New York’s Department of Financial Services, confirmed it was “issuing guidance to urge all regulated and exempt mortgage servicers to do their part during this outbreak to alleviate the adverse impact caused by COVID-19 on those mortgage borrowers who demonstrate they are not able to make timely payments.”


Meanwhile, State Sen. Michael Gianaris introduced a bill on Monday that would suspend rent payments for 90 days for tenants and small businesses.

Advocates are calling on Cuomo to enact the bill while landlord groups are warning any emergency legislation must include property owners. “The only way the Gianaris rent forgiveness measure works is with commensurate relief for landlords – and that must start with the city providing landlords with a dollar-for-dollar offset of their property taxes for the same period.

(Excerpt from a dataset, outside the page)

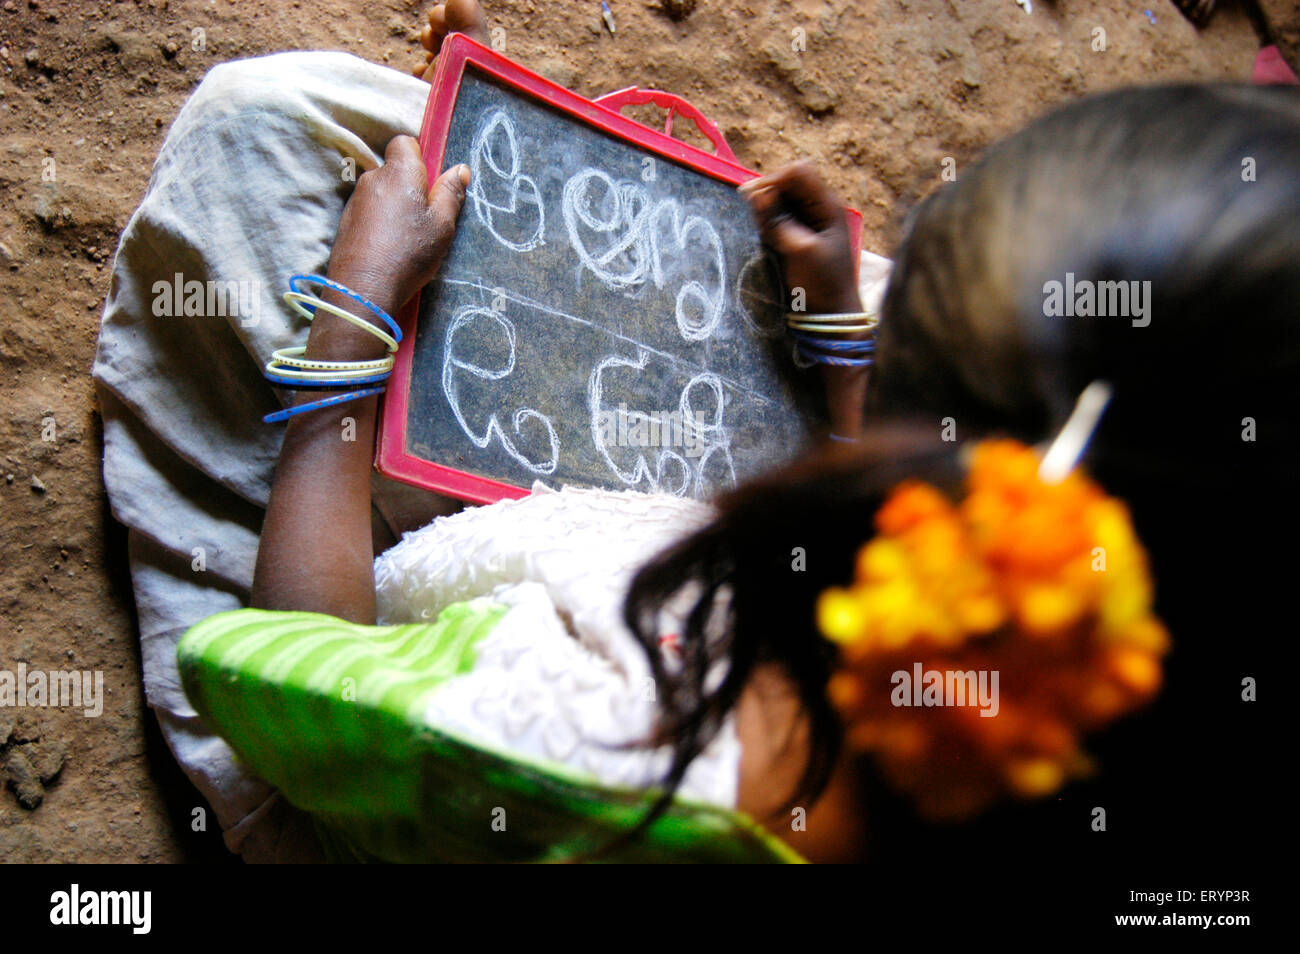 Tribal girl learn Telugu alphabets in school run by NGO Non Government Organization in village at Andhra Pradesh ; India Stock Photo

Short of this, the rental housing industry – the biggest economic engine in New York City – will collapse faster than the stock market,” said Joseph Strasburg, president of the Rent Stabilization Association, which represents 25,000 owners of one million rent-stabilized apartments in the five boroughs.


“No question tenants are facing economic distress and need rent relief, but rent forgiveness can’t solely be a landlord burden.”

“Gov. Cuomo’s [guidance] delays mortgage payments for 90 days – it doesn’t forgive them – and it’s absolutely unreasonable and unrealistic for city and state government to think that landlords can continue to pay their property taxes and water bills when they are halting rent payments, which landlords need to pay those bills,” Strasburg said.

Freddie Mac, in coordination with the Federal Housing Finance Agency (FHFA), said on Tuesday that multifamily landlords whose properties are financed with a Freddie Mac Multifamily fully performing loan can defer their loan payments for 90 days by showing hardship as a consequence of COVID-19 and by gaining lender approval.

In turn, Freddie Mac is requiring landlords not to evict any tenant based solely on nonpayment of rent during the forbearance period.

Freddie Mac anticipates that the program can provide relief for up to 4.2 million U.S. renters across more than 27,000 properties.

“This program is historic in its size, and it has the potential to provide relief to millions of families in multifamily rental homes financed through a Freddie Mac loan,” said Debby Jenkins, executive vice president and head of Freddie Mac Multifamily.

“Countless Americans are facing unimaginable hardships, and Freddie Mac is doing what we can to provide relief as our nation addresses this global pandemic.”

Freddie Mac Multifamily’s coronavirus program is modeled on its industry-leading disaster-relief forbearance plan introduced in the wake of Hurricane Harvey in 2017.

Since then, Freddie Mac has implemented the forbearance plan in response to other natural disasters, including hurricanes and the California wildfires.

Freddie Mac also has a relief program for single-family borrowers.